The three months of waiting for the cabin on the ship finally came to an end, and  on December 16, 1953, I was on my way to the USA.   There were four of us in the cabin: Rico, an American sailor of Italian-Spanish descent, an Englishman, a Scott, and I.  Rico spent in our cabin: the first, because he did not find yet anybody to sleep with, and the last one because he was so exhausted by his nocturnal adventures that he was glad to lock himself in the cabin and have a good night rest.  He had all kinds of escapades with women on the ship.  A book could be written about them, but this is another story. 

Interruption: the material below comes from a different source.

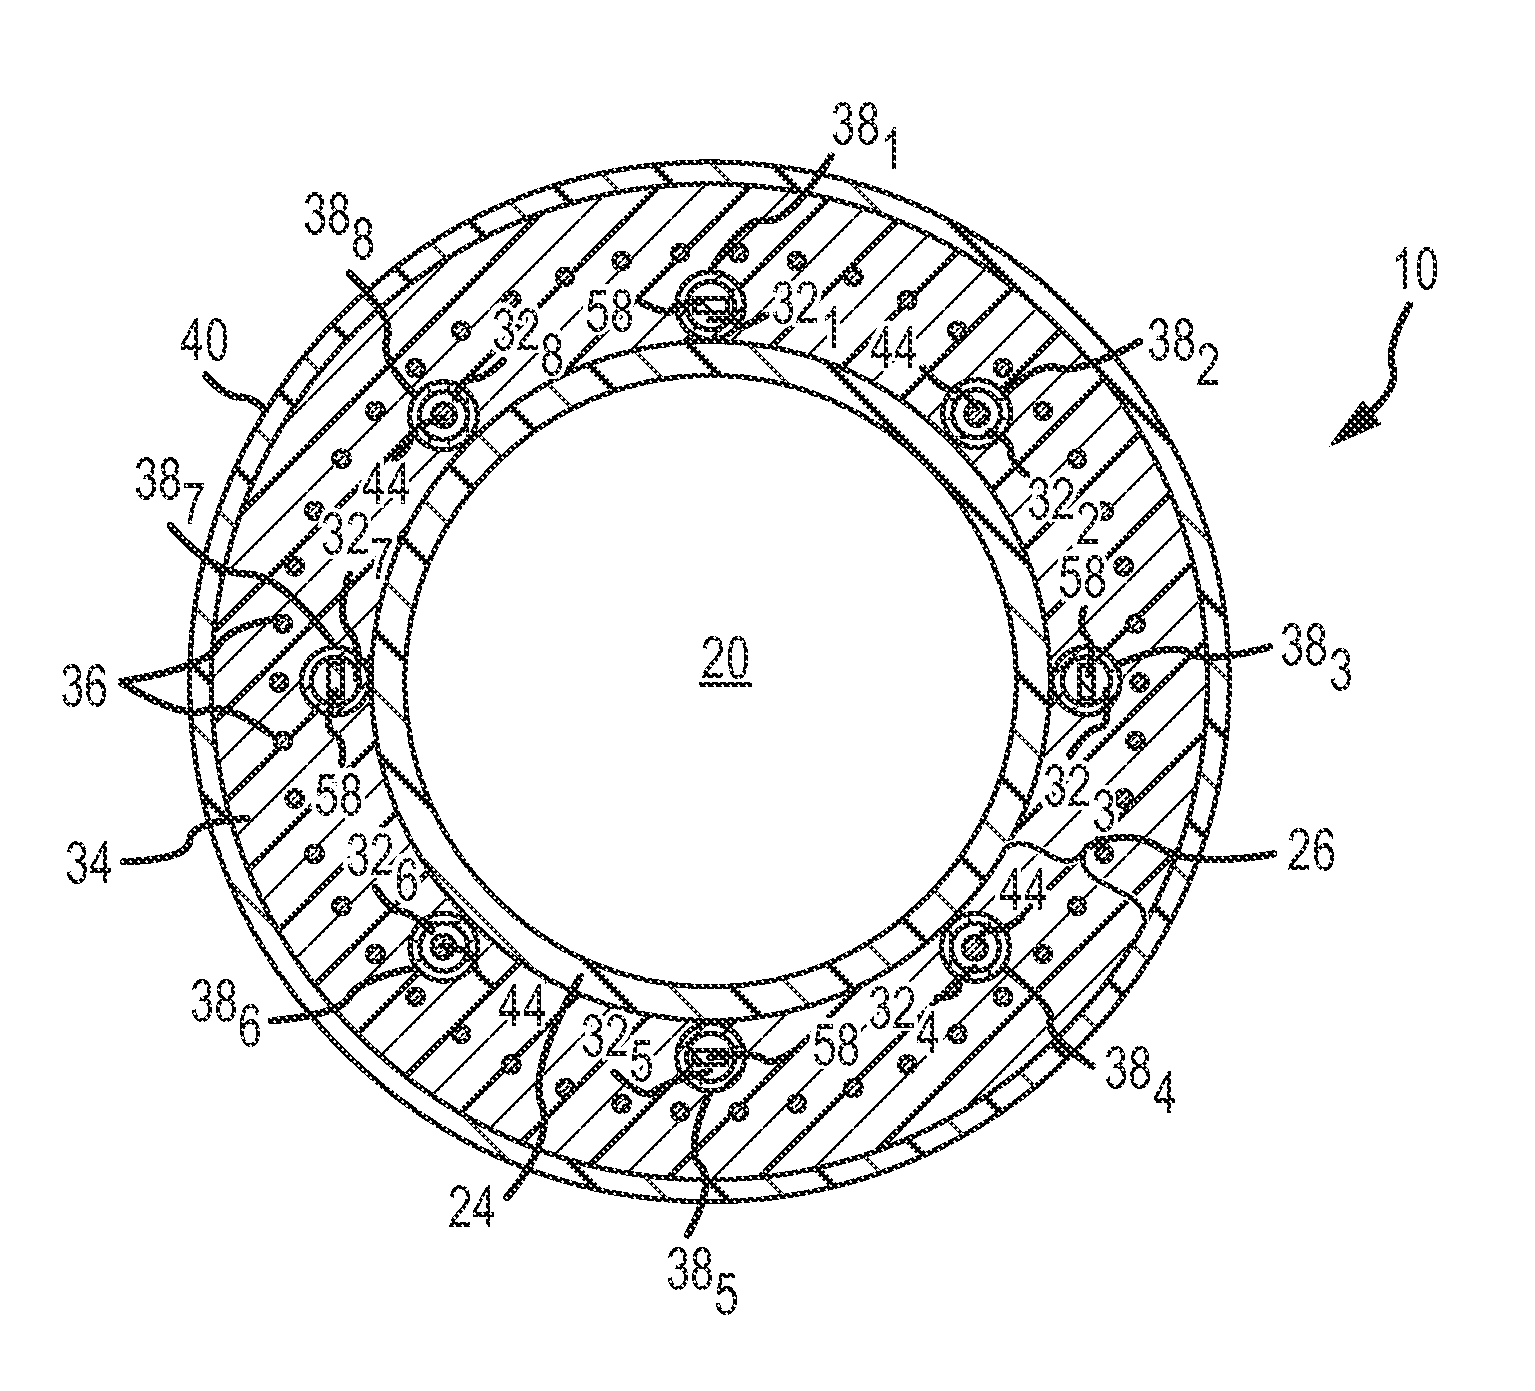 Medical devices having an electroanatomical system imaging element mounted thereon

During this trip I realized for the first time how deeply rooted are the tensions between the English and the Scottish people.  The Scott, a catholic told me about discrimination that the British had through centuries against the Scots.  He told me that it was very difficult for a catholic Scott to get a job in a company that is run by the British.  These things were new to me.  Of course, I could not be aware of these things since I lived in England only and never visited Scotland.  We had a fairly good passage through the Atlantic and on the 21st day of December, 1953, I arrived to the United States of America.